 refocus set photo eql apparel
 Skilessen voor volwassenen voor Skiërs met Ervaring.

==

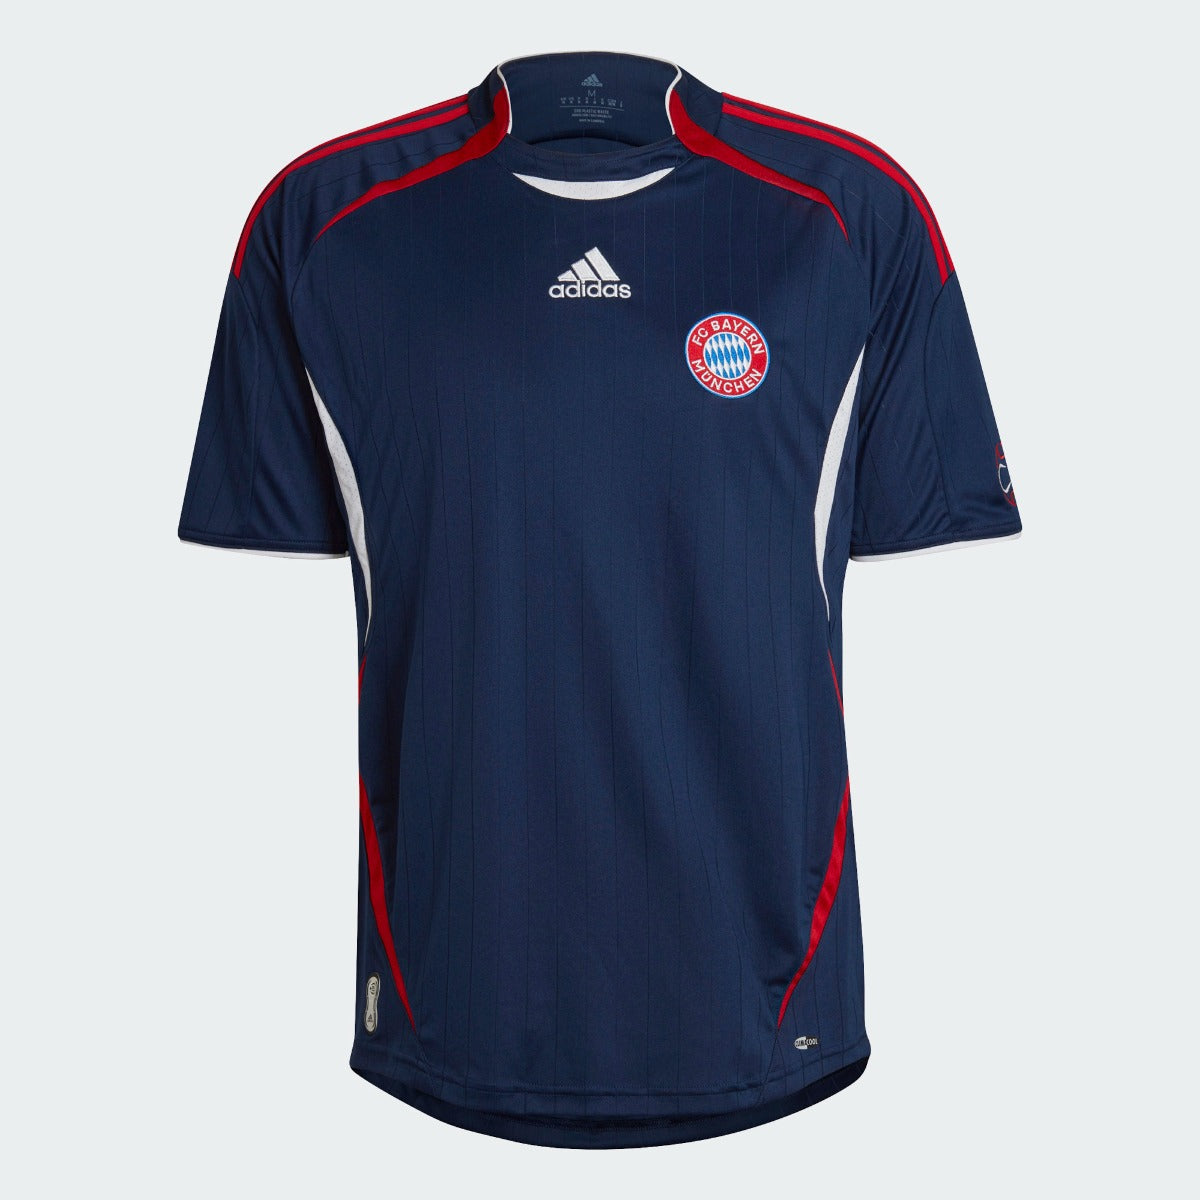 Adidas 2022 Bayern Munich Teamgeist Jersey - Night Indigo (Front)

* What to do:
Scan the listing above for the line that has "refocus set photo eql apparel", then copy exactly from that line through the line that has "Skilessen voor volwassenen".

* Result below:
 refocus set photo eql apparel
 Skilessen voor volwassenen voor Skiërs met Ervaring.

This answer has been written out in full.